▸ **RAW DATA**
= = = =
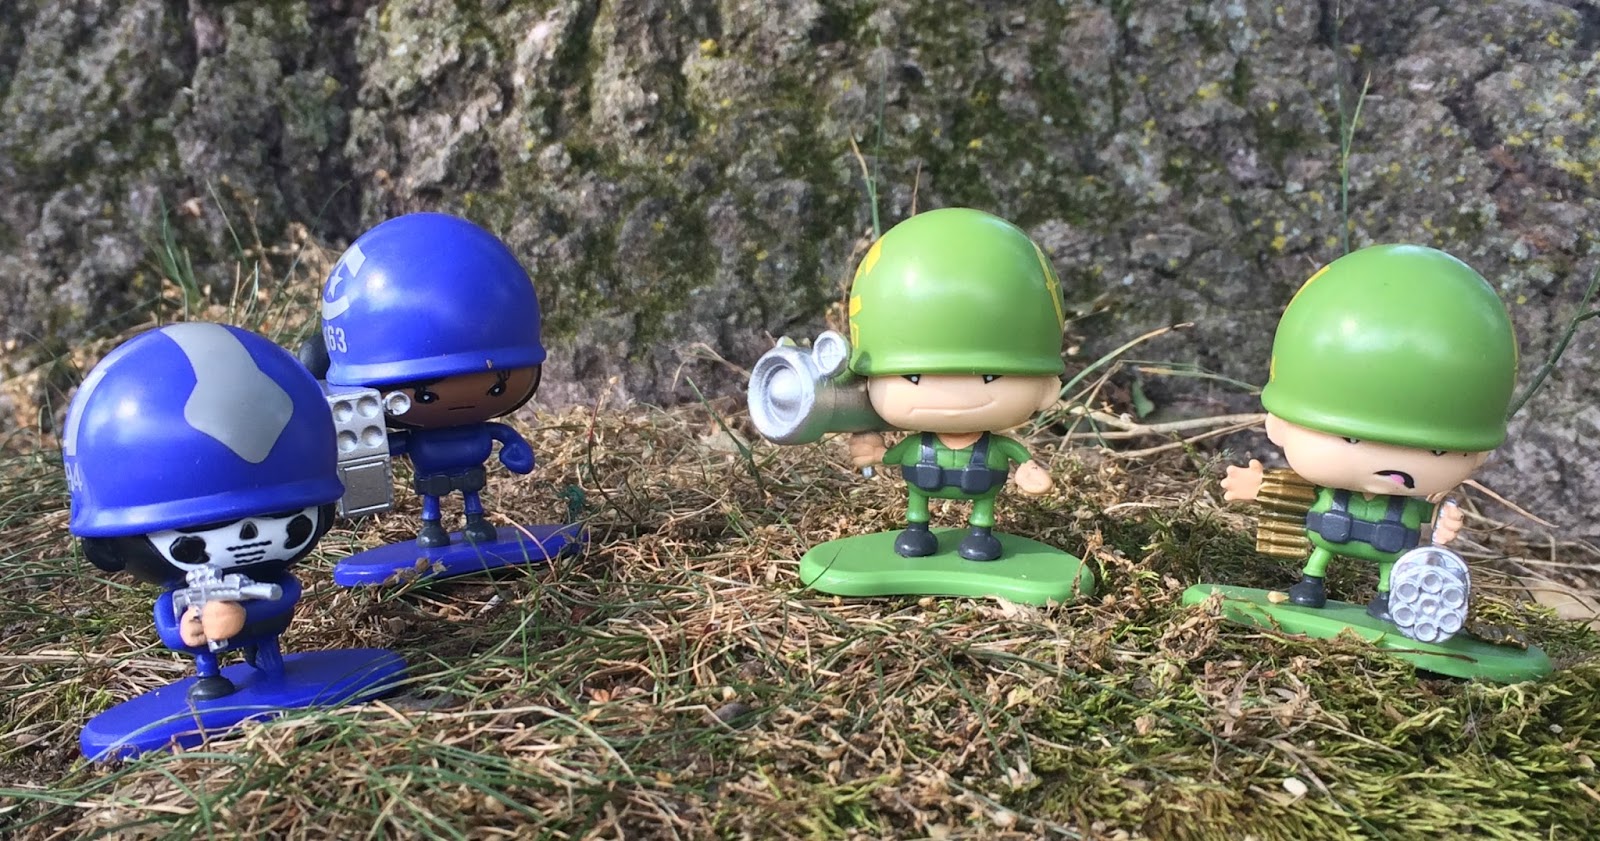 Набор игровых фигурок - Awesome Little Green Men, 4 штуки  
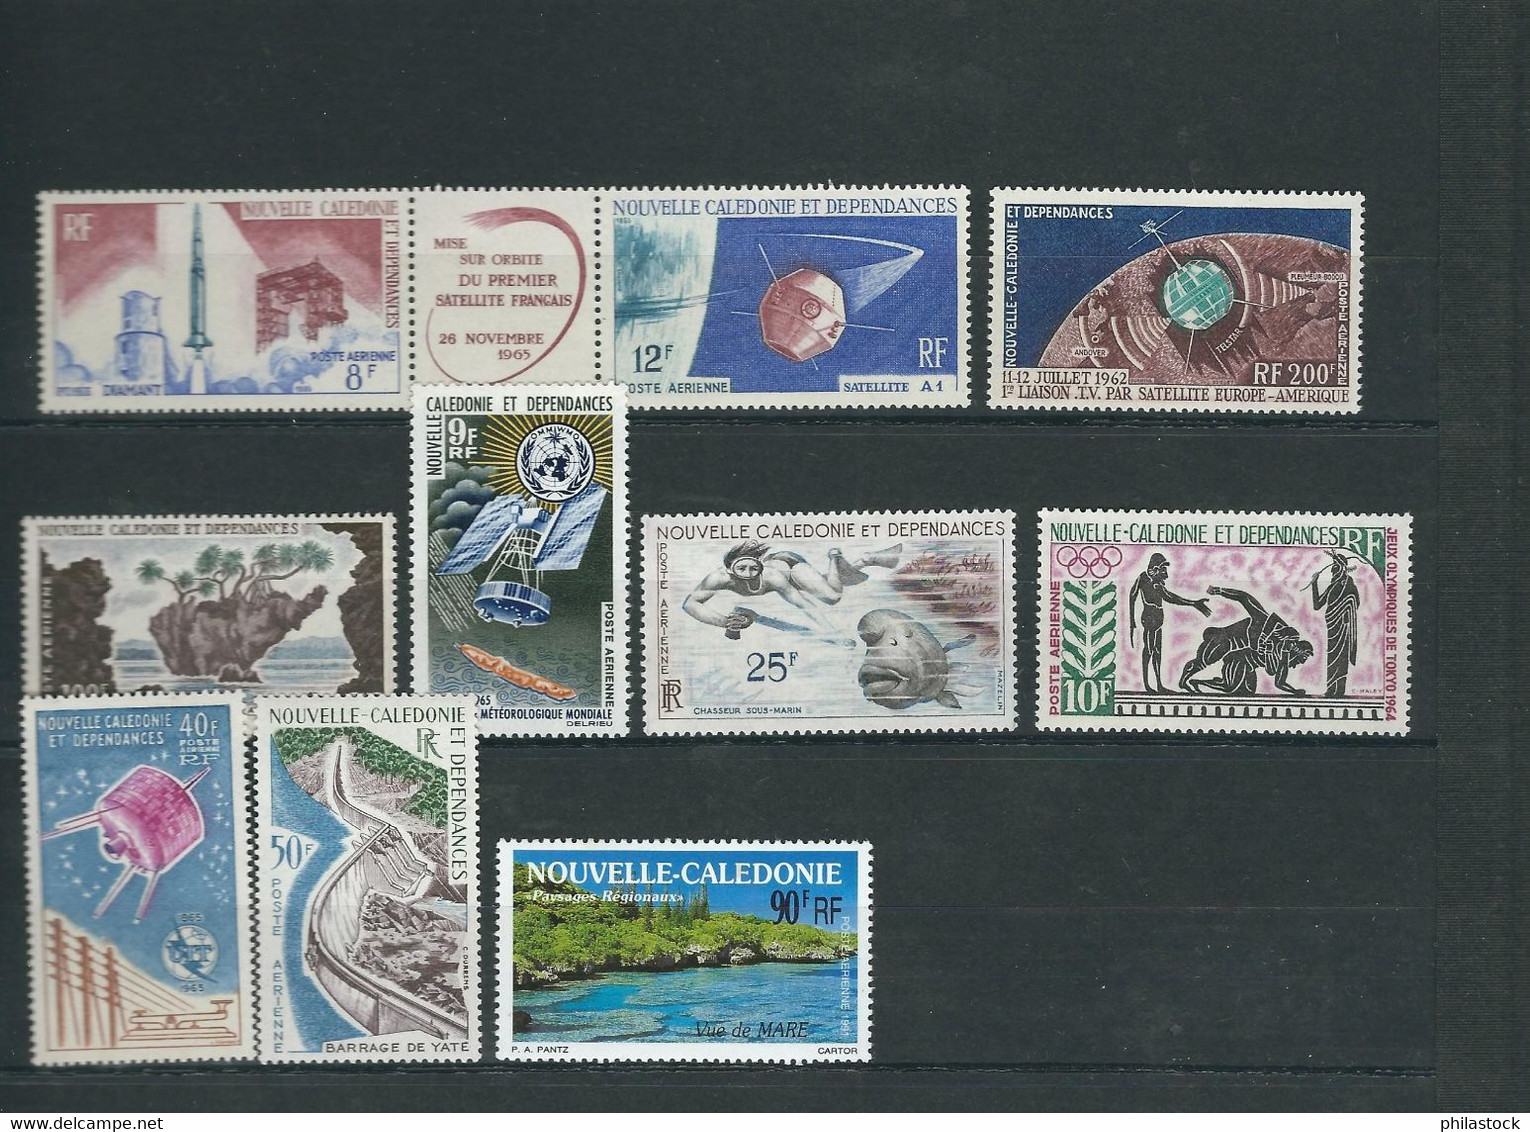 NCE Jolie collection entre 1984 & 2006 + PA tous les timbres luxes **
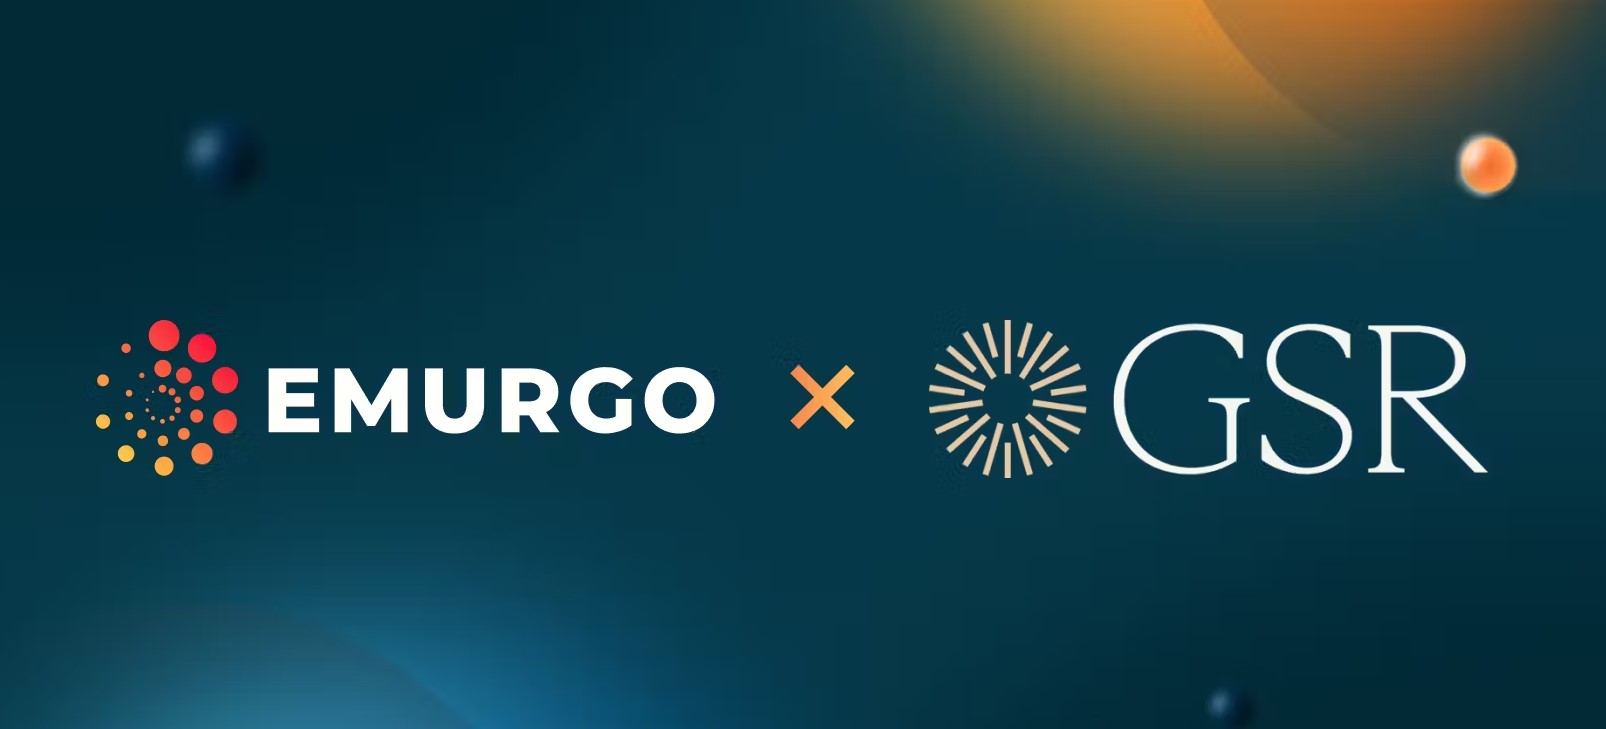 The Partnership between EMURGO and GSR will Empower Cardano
= = = =
▸ **TASK PROMPT**
All of the material goes into the answer exactly as it stands, except for the pictures.

▸ **TASK ANSWER**
 Набор игровых фигурок - Awesome Little Green Men, 4 штуки  
 NCE Jolie collection entre 1984 & 2006 + PA tous les timbres luxes **
 The Partnership between EMURGO and GSR will Empower Cardano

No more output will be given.